Acids & Bases

In this summary, I will be looking at the Brønsted-Lowry definition of acids and bases. An acid is proton donor and a base is proton acceptor. Many organic chemists (and organic textbooks) abbreviate acids to H⁺, a proton, and show each molecule attacking an isolated H⁺, but you should always be aware that H⁺ never exists in solution. A naked proton, H⁺, is simply too reactive and will always be associated with a base. Most often this molecule is the solvent, with the hydronioum ion H₃O⁺, formed when an acid is in aqueous solution, being the most common example.

In this reaction, acetic acid or CH₃CO₂H is the acid, it donates a proton, H⁺, to a base. It can be generalized as H–A. The base is hydroxide or HO^– accepts the proton. It is normally generalised as B:. The reaction gives the acetate anion (carboxylate) CH₃CO₂^–. This can accept a proton so is called the conjugate base.

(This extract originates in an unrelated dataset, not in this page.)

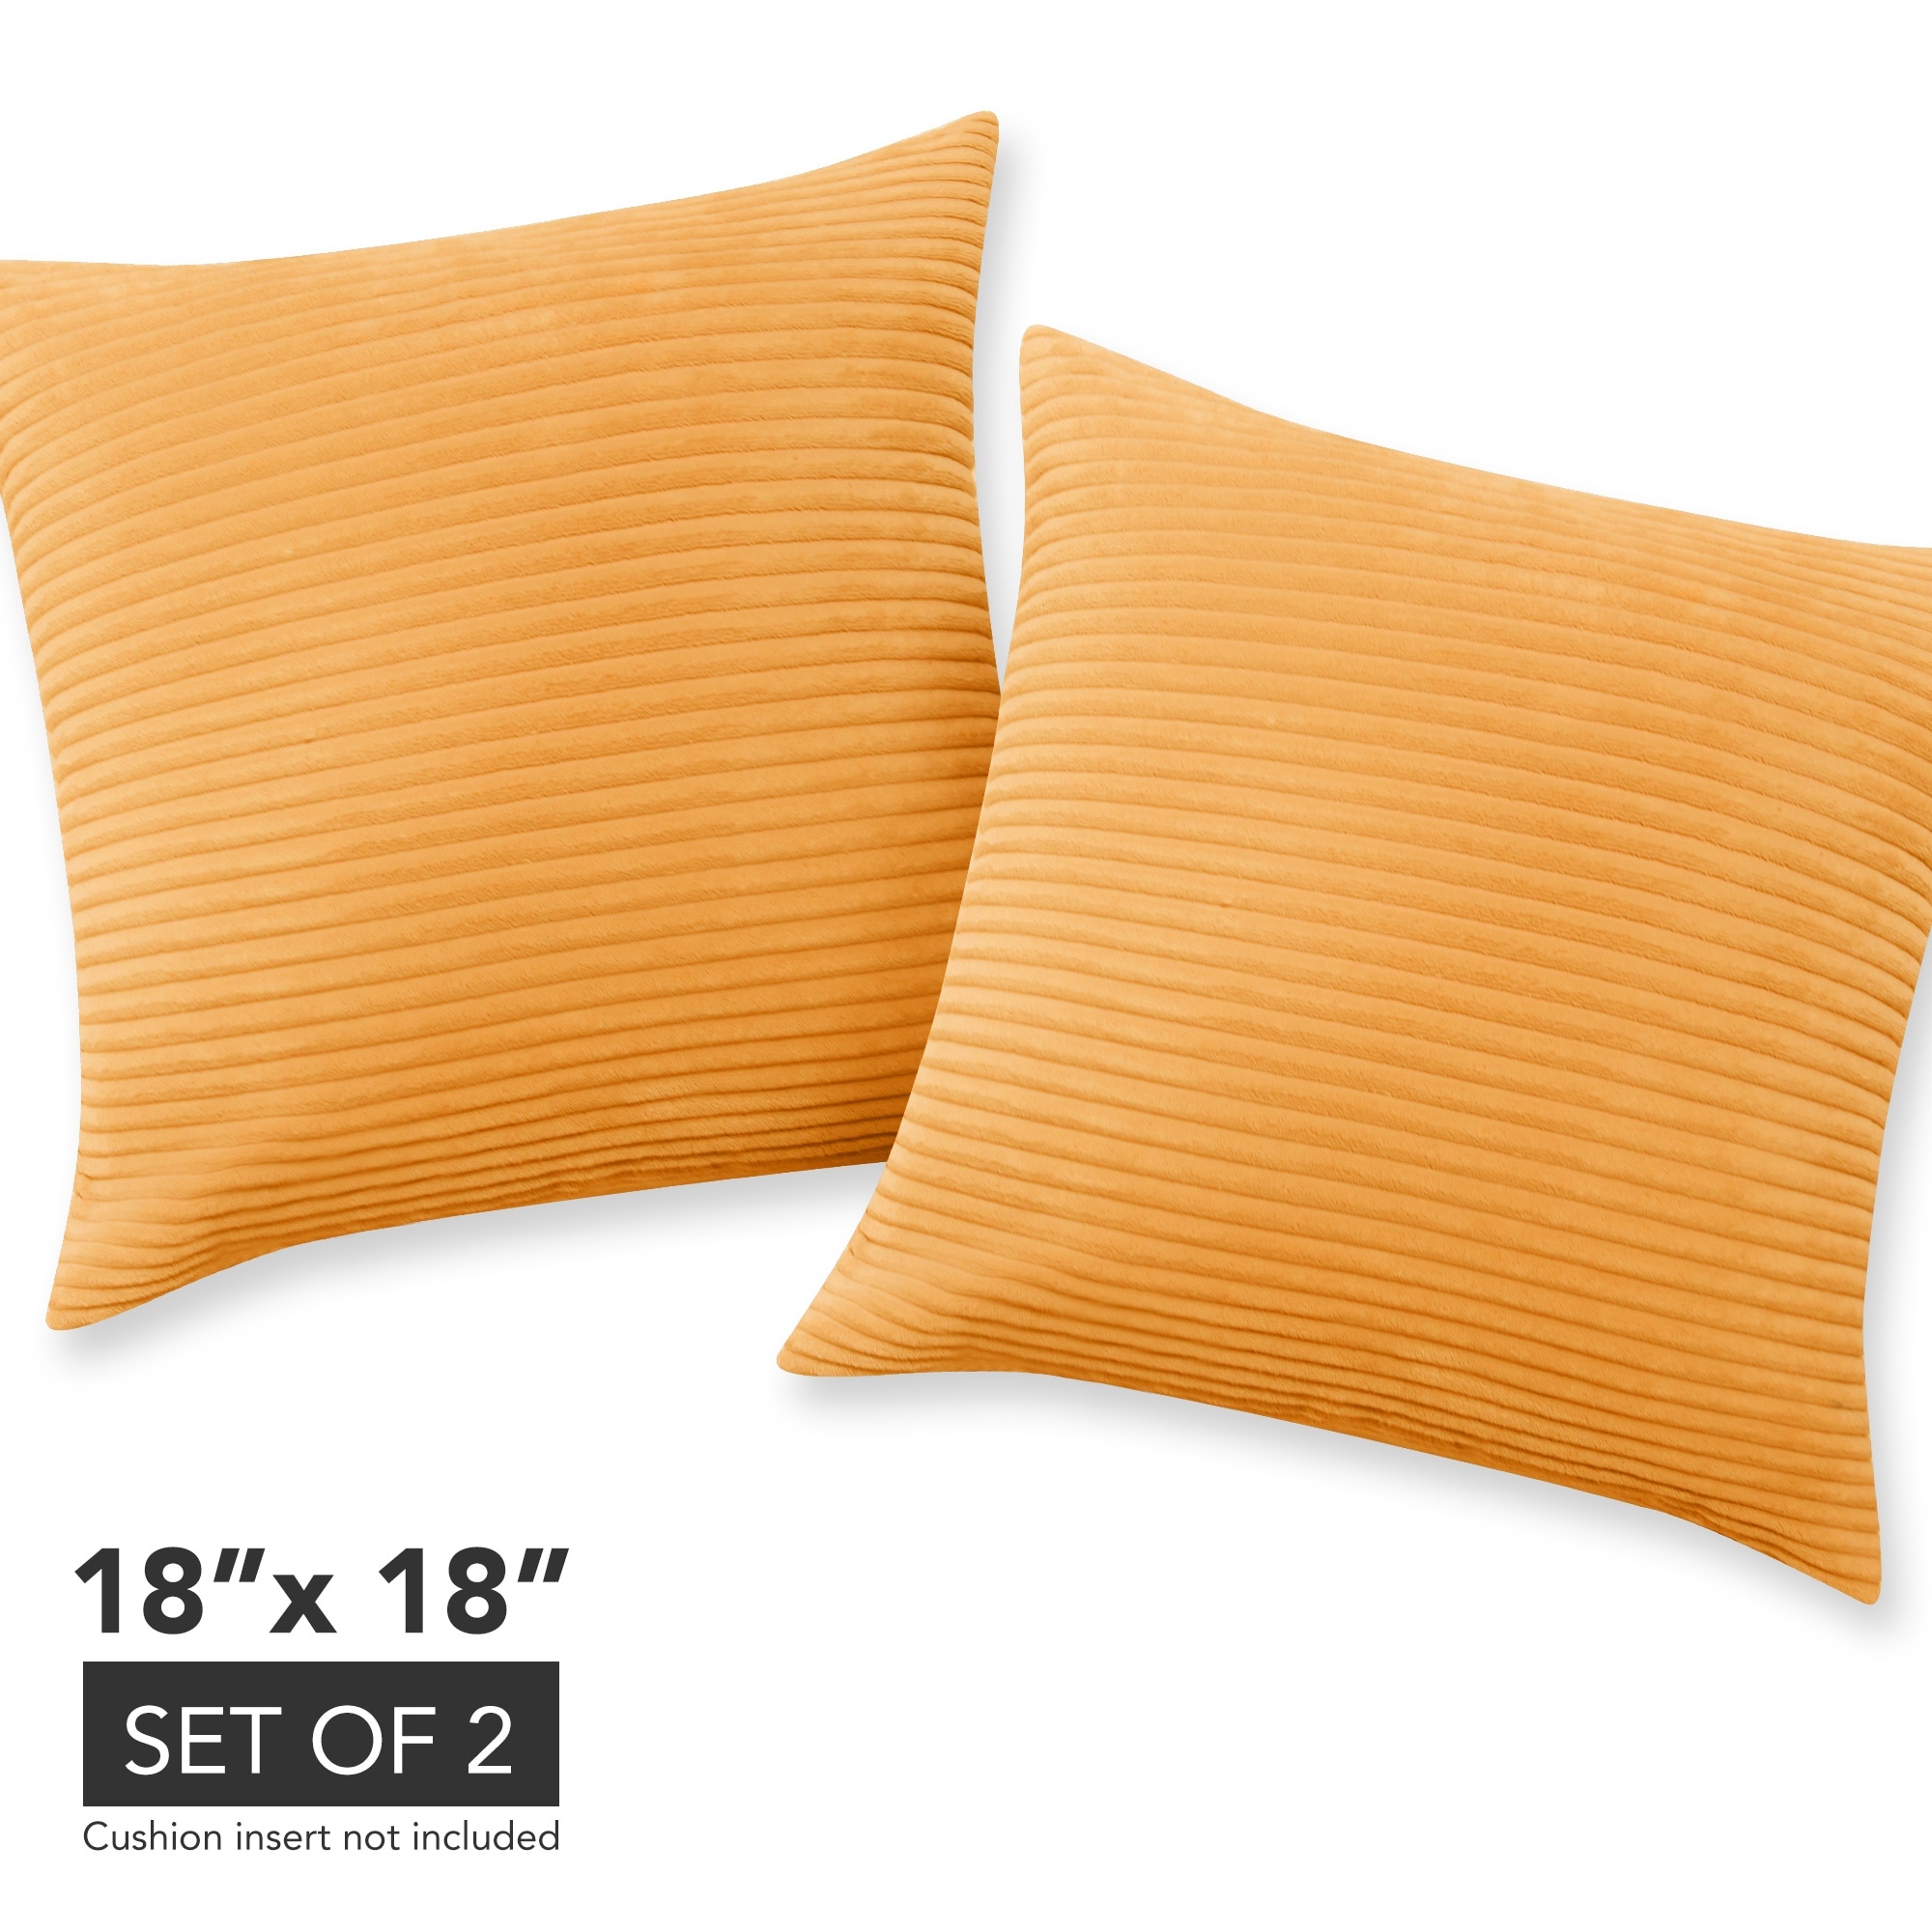 https://ak1.ostkcdn.com/images/products/is/images/direct/ffe3049b26049c5be677406686578af0a8a9d8fc/Deconovo-Corduroy-Throw-Pillow-Covers-with-Stripe-2-Pieces.jpg

Conjugate means it is derived from H–A. It is normally generalised as A^–. Water or H₂O is the conjugate acid as it can donate a proton. It is called a conjugate acid as it is derived from the base B:. It is generalised as H–B⁺.

Acid and bases must come in pairs and an acid will only behave as an acid if there is a base present to accept the proton. Pure hydrochloric acid is a non-acidic gas. The H–Cl bond is too strong to dissociate. Only one molecule in 10²⁴⁰ molecules of H–Cl dissociates. The latter is a ridiculously large number, to put it in perspective, there are thought to be only 10⁸⁰ atoms in the universe.

Add a base, for example water, and hydrochloric acid is extremely acidic. The equilibrium constant (or acid dissociation constant), K_a, is 1 x 10⁷. This means only one molecule in ten million has not dissociated and is still HCl.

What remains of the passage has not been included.